Нет, ничего не вышло. Никак не вернуться в прошлое, только светло его вспоминать.
К остальным Юнэ и Лиани возвратились довольно скоро, брат Унно думал, просидят, беседуя, до поздней ночи. Но у нее были дети, у него — дорога.
Пока варилась похлебка, Лиани подстрелил тетерева, отдал сестре, а то своих охотников у них не было. Монах же выспрашивал о том, как дела обстоят в Юсен.
— Мы живем в предгорье, но все-таки решили покинуть дом — страшно, — рассказала она.

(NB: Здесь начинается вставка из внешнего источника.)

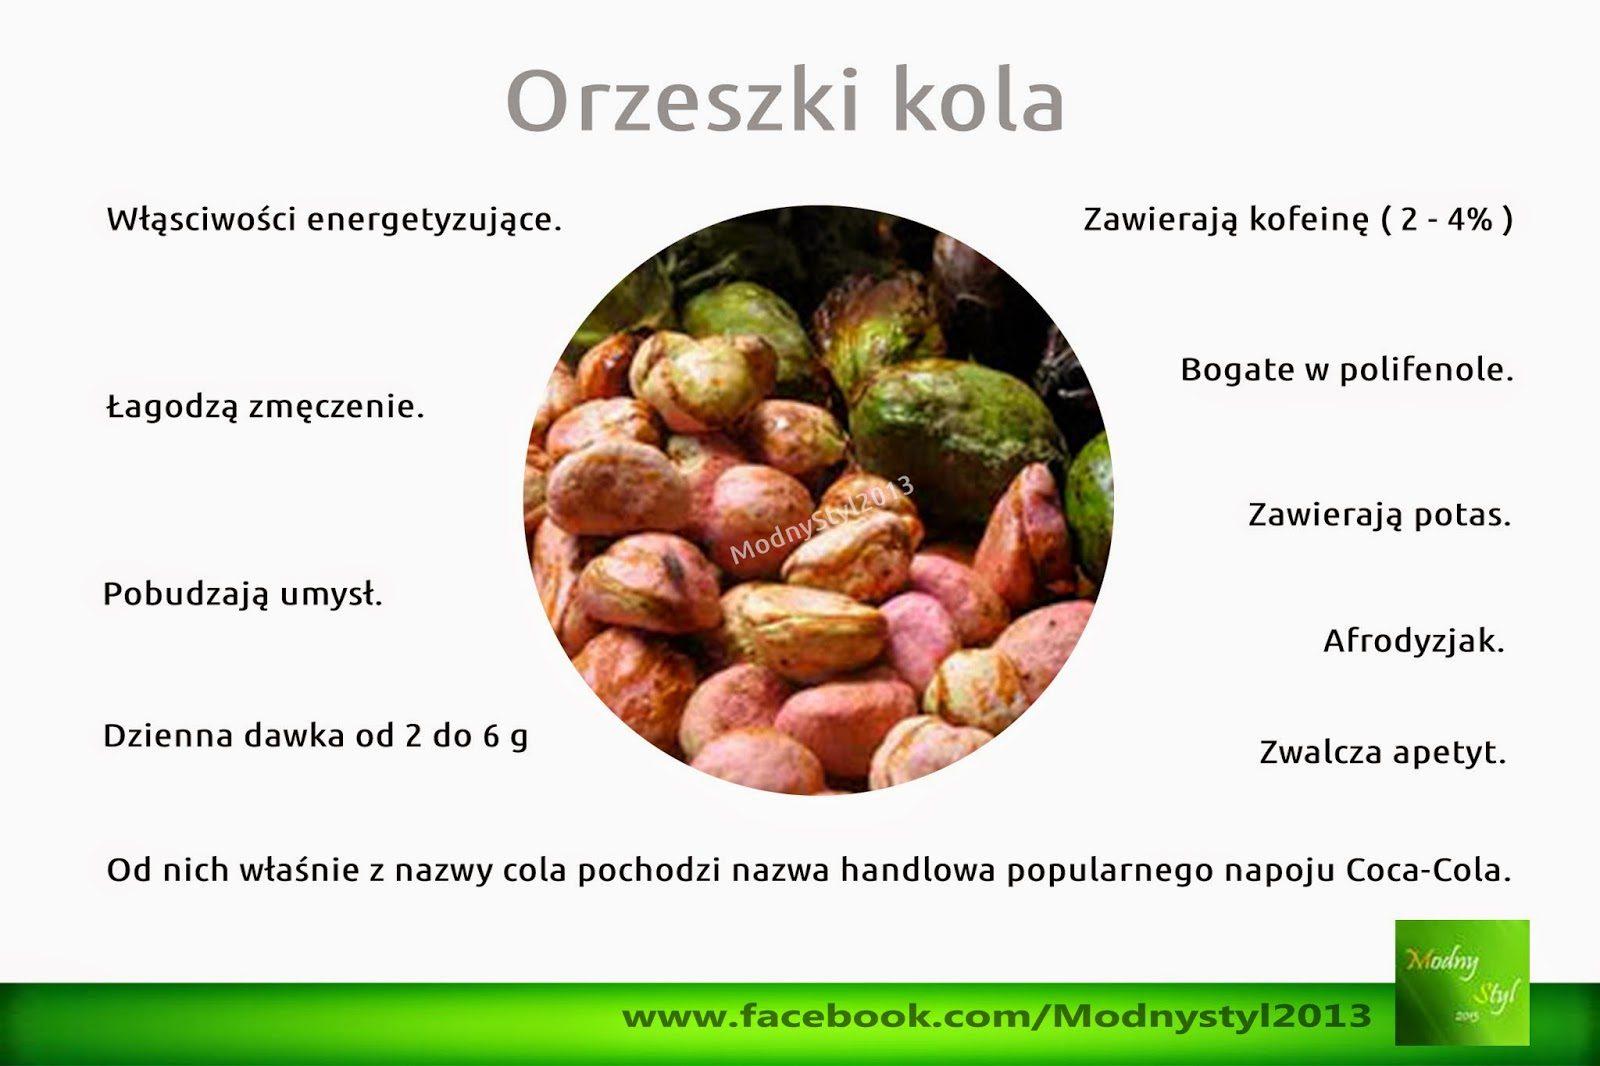 orzeszki2bkola-3493797

— У вас тревожные новости?
— Не то чтобы новости, но люди все меньше верят в силу нашего господина генерала. О нем тут сейчас говорят очень плохо, — с неохотой отозвалась молодая женщина. — Говорят, он увлекся погоней за рухэй — и еще вопрос, не ловушка ли это, а горы Юсен отдал на растерзание врагу. А ведь через них можно спуститься и в предгорья, и дальше — кто защитит людей? Говорят, уже много деревень разорено не только на севере, но и на юге гор…
— Не знаю про северные отроги Юсен, а здесь побывал всего один небольшой отряд, который остался почти незамеченным, — хмуро сказал Лиани — он как раз отдал тетерева одному из путников и подошел к сестре и монаху. — Слухи, конечно, расходятся, только из более южных краев я сам пришел. Ни одной деревни там не пострадало, удар пришелся на Сосновую.
— Говорят, — пожала плечами сестра.
— Ты сама видела это разорение?
— Нет, мы избегали опасных мест.
— Когда горы кишат захватчиками, все места опасные. А про рухэй кто-то распускает сплетни, в несколько раз больше, чем есть на деле. Вот и узнаем, что на самом деле творится в горах.
— Куда вы сами направились? — спросил брат Унно.
— Мы едем к югу провинции, к родне мужа. Вы же останетесь с нами разделить ужин, а потом и ночлег? — спросила Юнэ.
— Тут такое дело… спешное, — смутился монах. Он-то и без ужина бы перебился, не голодали в дороге, хотя из котла пахнет вкусно, надо признать. Но Лиани отрывать от сестры неловко, может, хоть она его опять приведет в чувство. А вот на ночь остаться никак, во всяком случае ему самому. Может за поясом и не уследить, и священные знаки вокруг себя не начертишь, мало ли кто из этих милых людей решит его разбудить и собьет рисунок.
— А про монастырь Эн-Хо слышали что-нибудь? — спросил брат Унно, чтобы увести разговор подальше от соблазна.
Молодая женщина свела брови, задумалась, и наконец мотнула головой. Спросили у остальных, и муж ее вспомнил:
— Вроде говорили беженцы, встреченные нами выше, что его разорили, не осталось живых, и разграбили. Но подробней не знаю, это вскользь прозвучало.
Брат Унно кинул взгляд на молодого спутника. Тот словно в камень обратился, но не в ровном месте лежащий, а на склоне скалы, вот-вот и покатится.
— Так вы остаетесь? — с надеждой переспросила Юнэ.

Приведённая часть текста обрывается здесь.